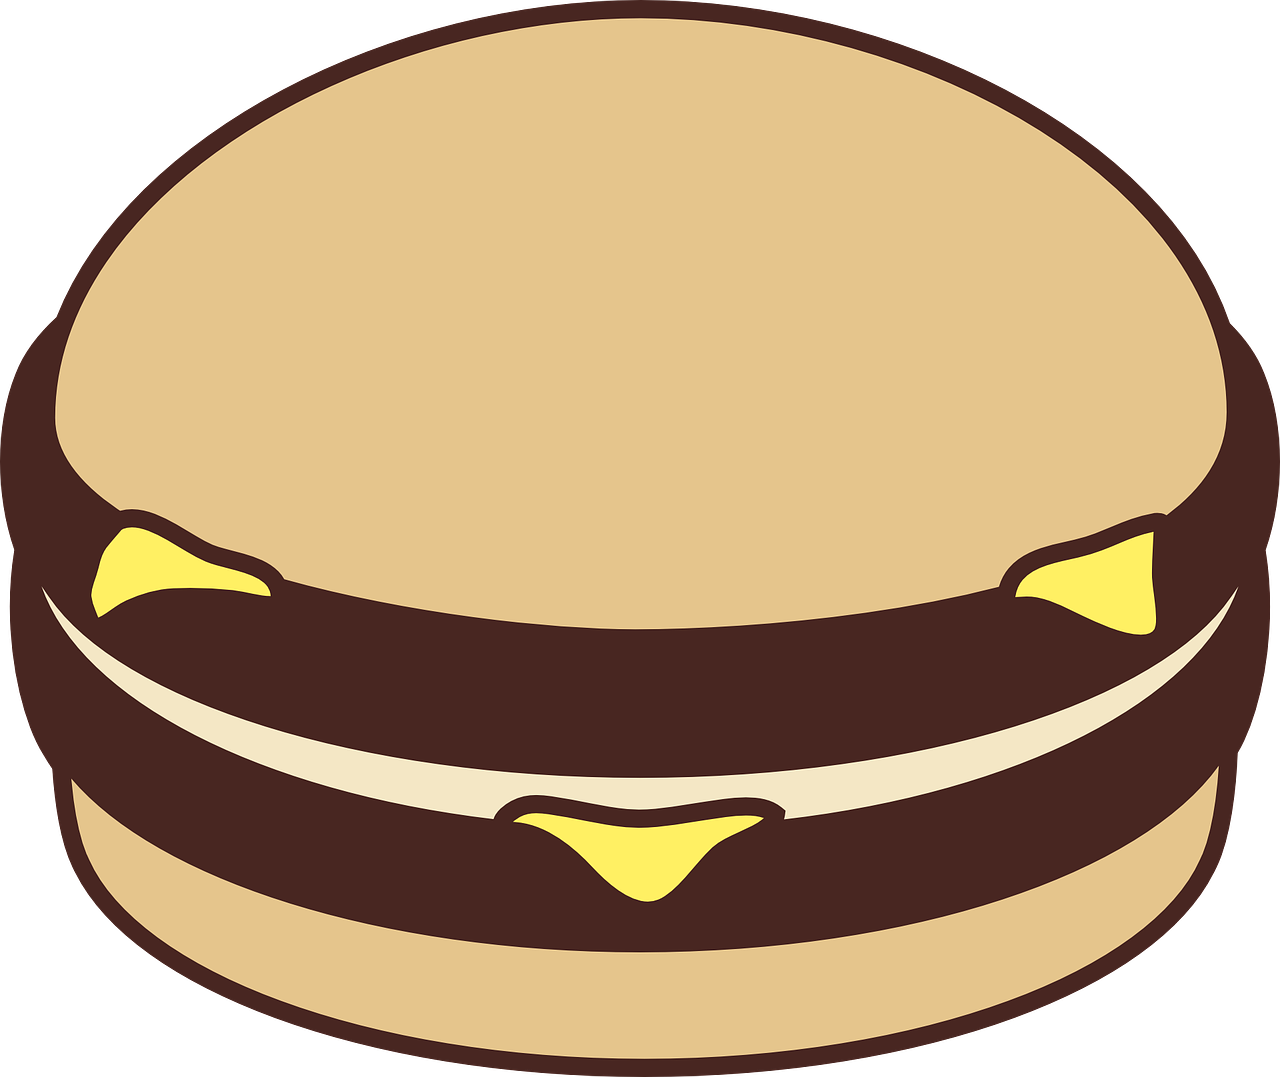 burger cheese mayonnaise free photo
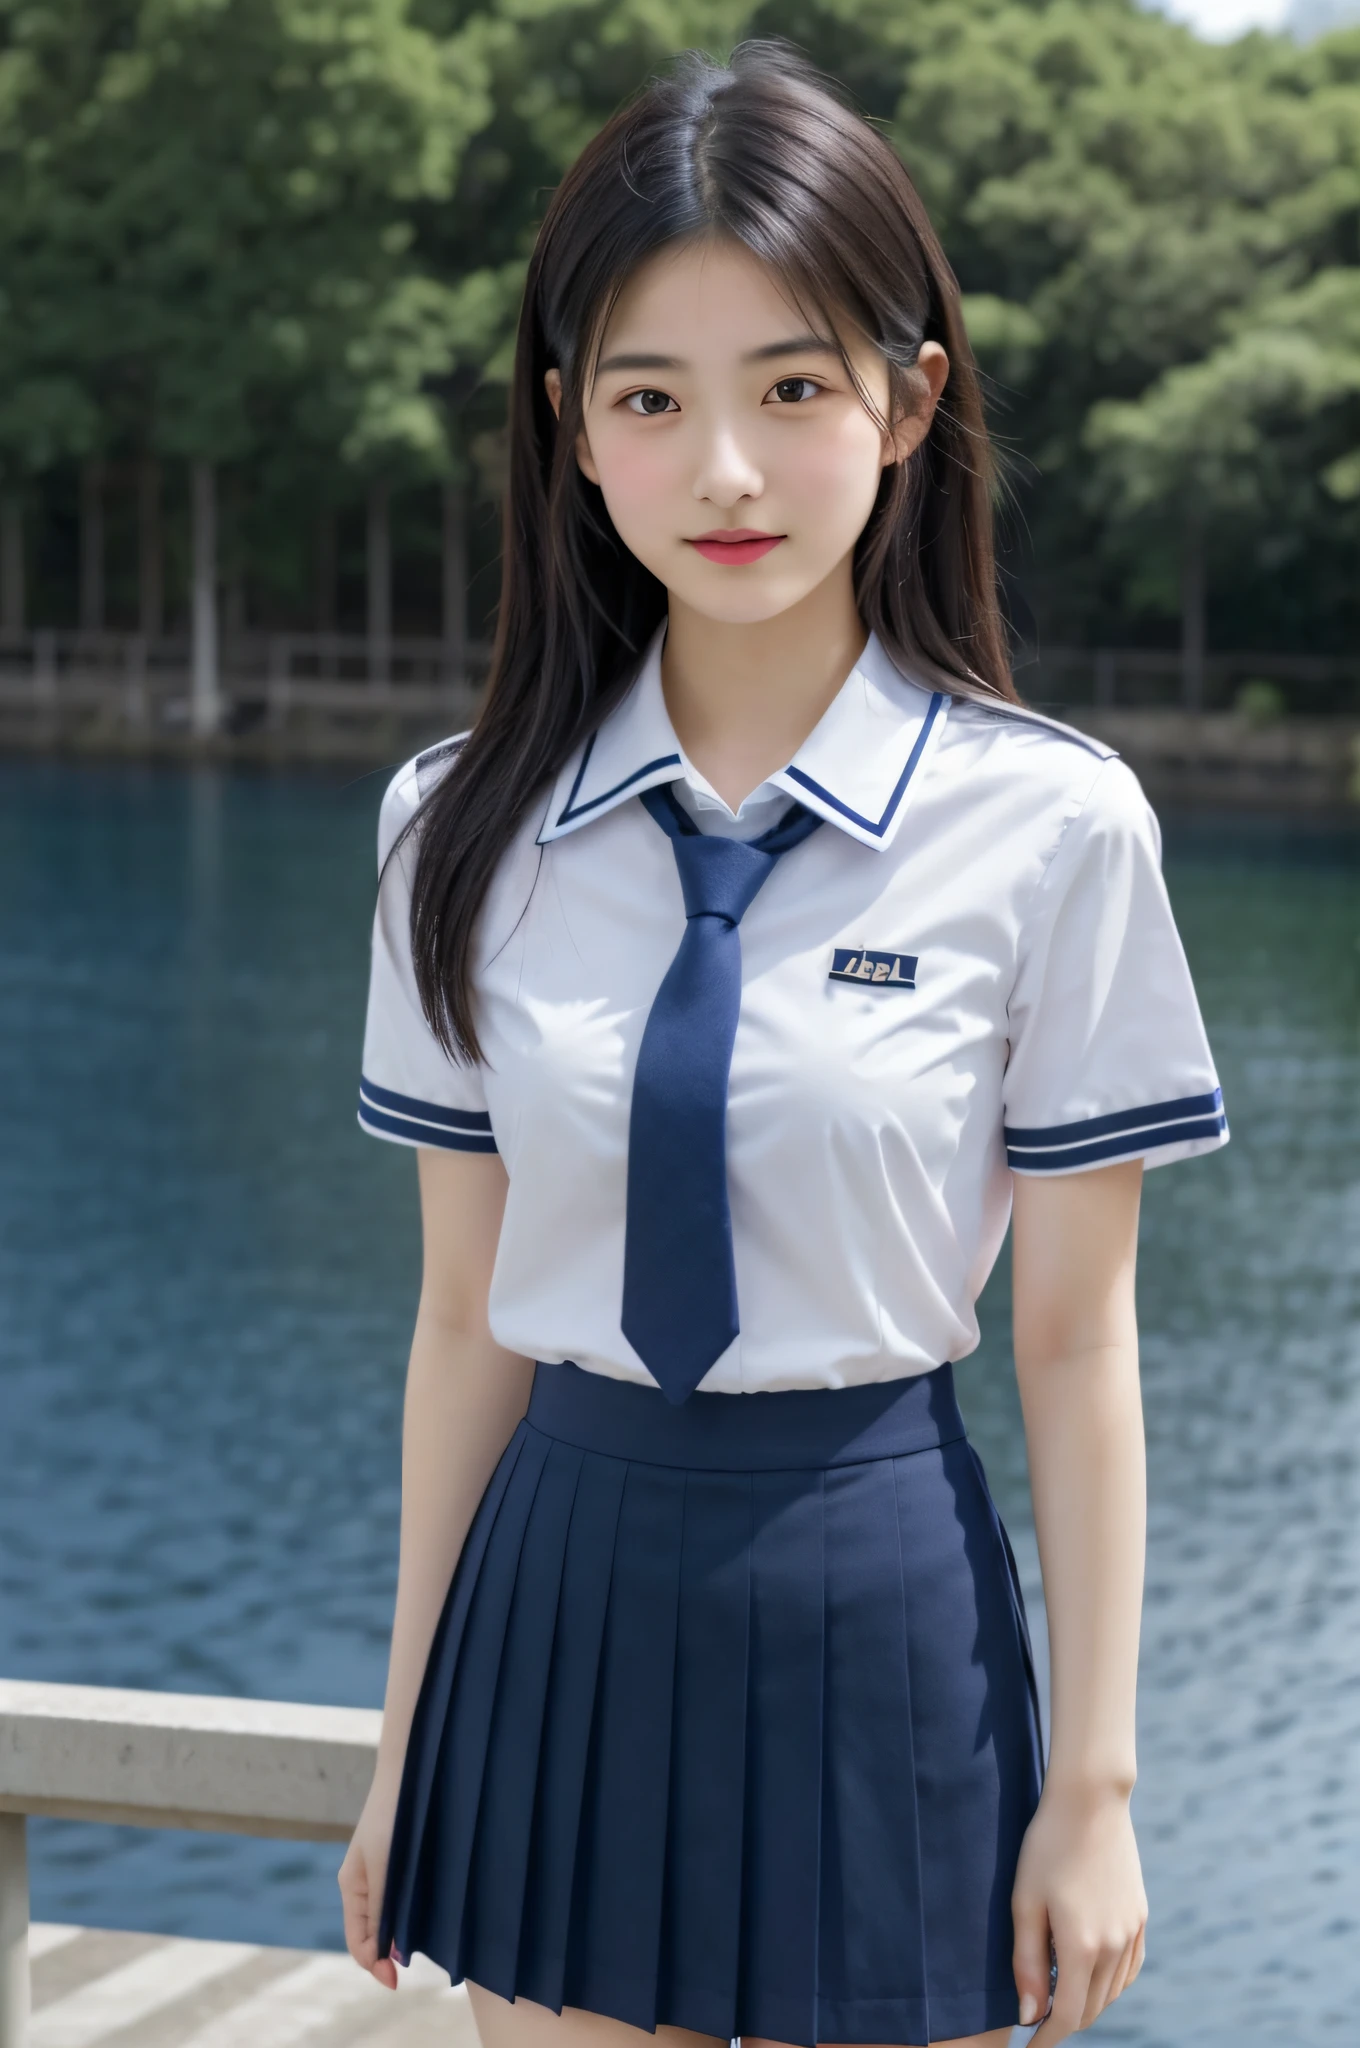 Japanisches Mädchen, Teenager-Mädchen, Perfekte Figur, Transparenz, bescheidene Brüste, , marineblaue Krawatte, marineblauer Rock, hellblaues Hemd, Idol-Gravur, Wasserseite
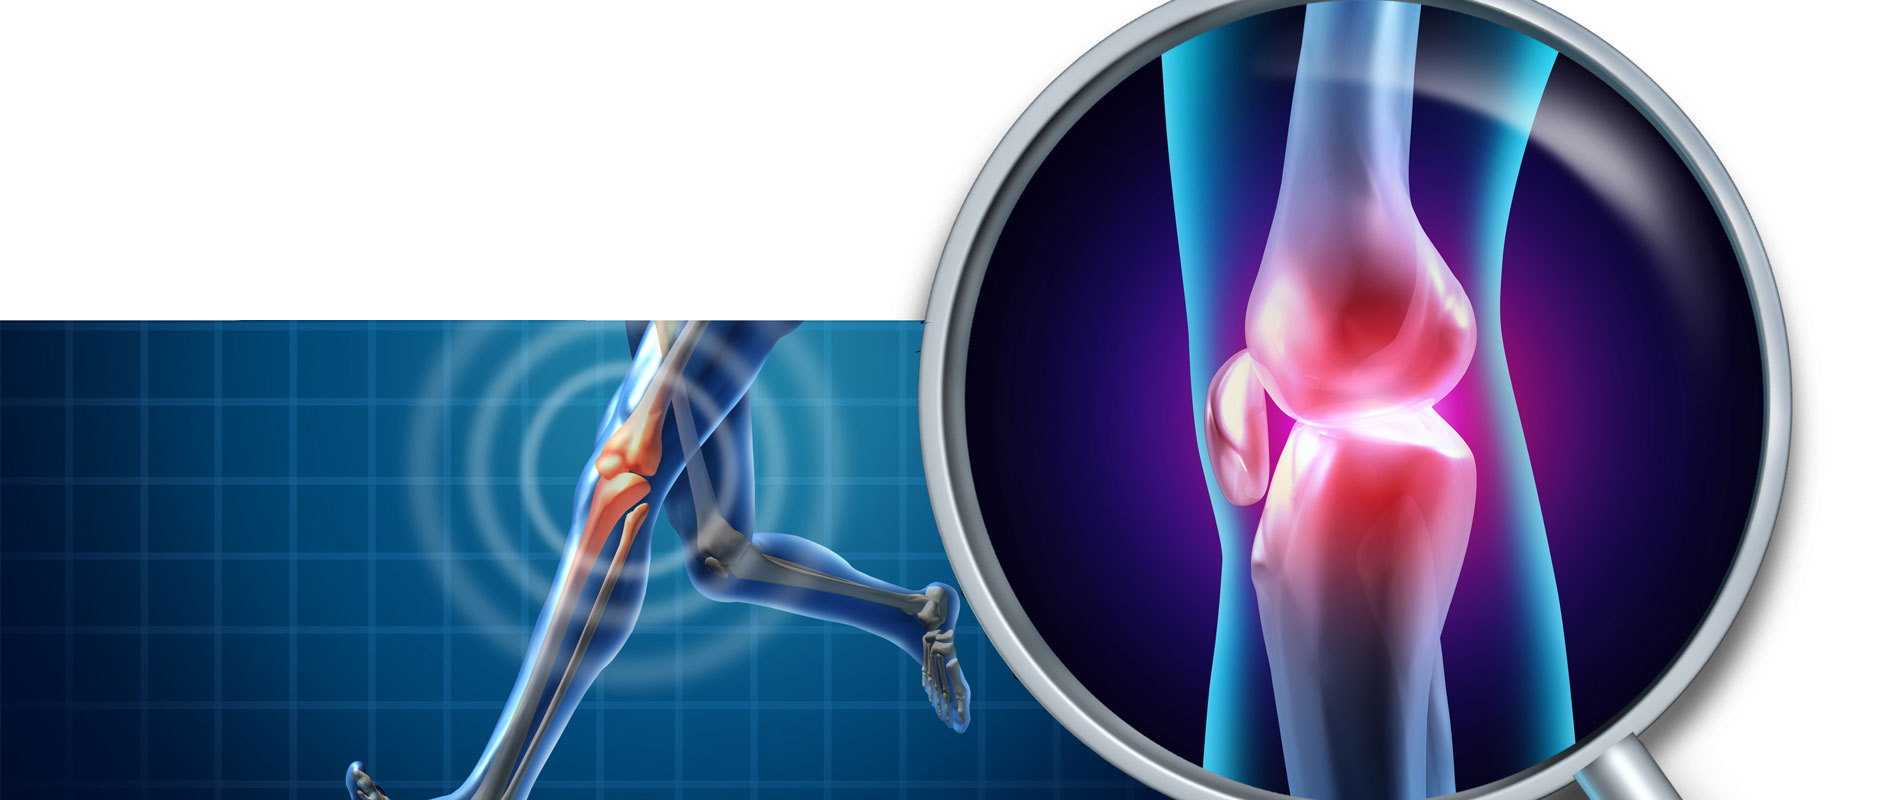 Νέα επιστημονικά δεδομένα για τη χειρουργική επέμβαση γόνατος

──────────────────────────────

An exact restatement is expected of the lines from the line containing "Japanisches Mädchen, Teenager-Mädchen, Perfekte" to the end of the data above, pictures excluded.

■ **Reply**
 Japanisches Mädchen, Teenager-Mädchen, Perfekte Figur, Transparenz, bescheidene Brüste, , marineblaue Krawatte, marineblauer Rock, hellblaues Hemd, Idol-Gravur, Wasserseite
 Νέα επιστημονικά δεδομένα για τη χειρουργική επέμβαση γόνατος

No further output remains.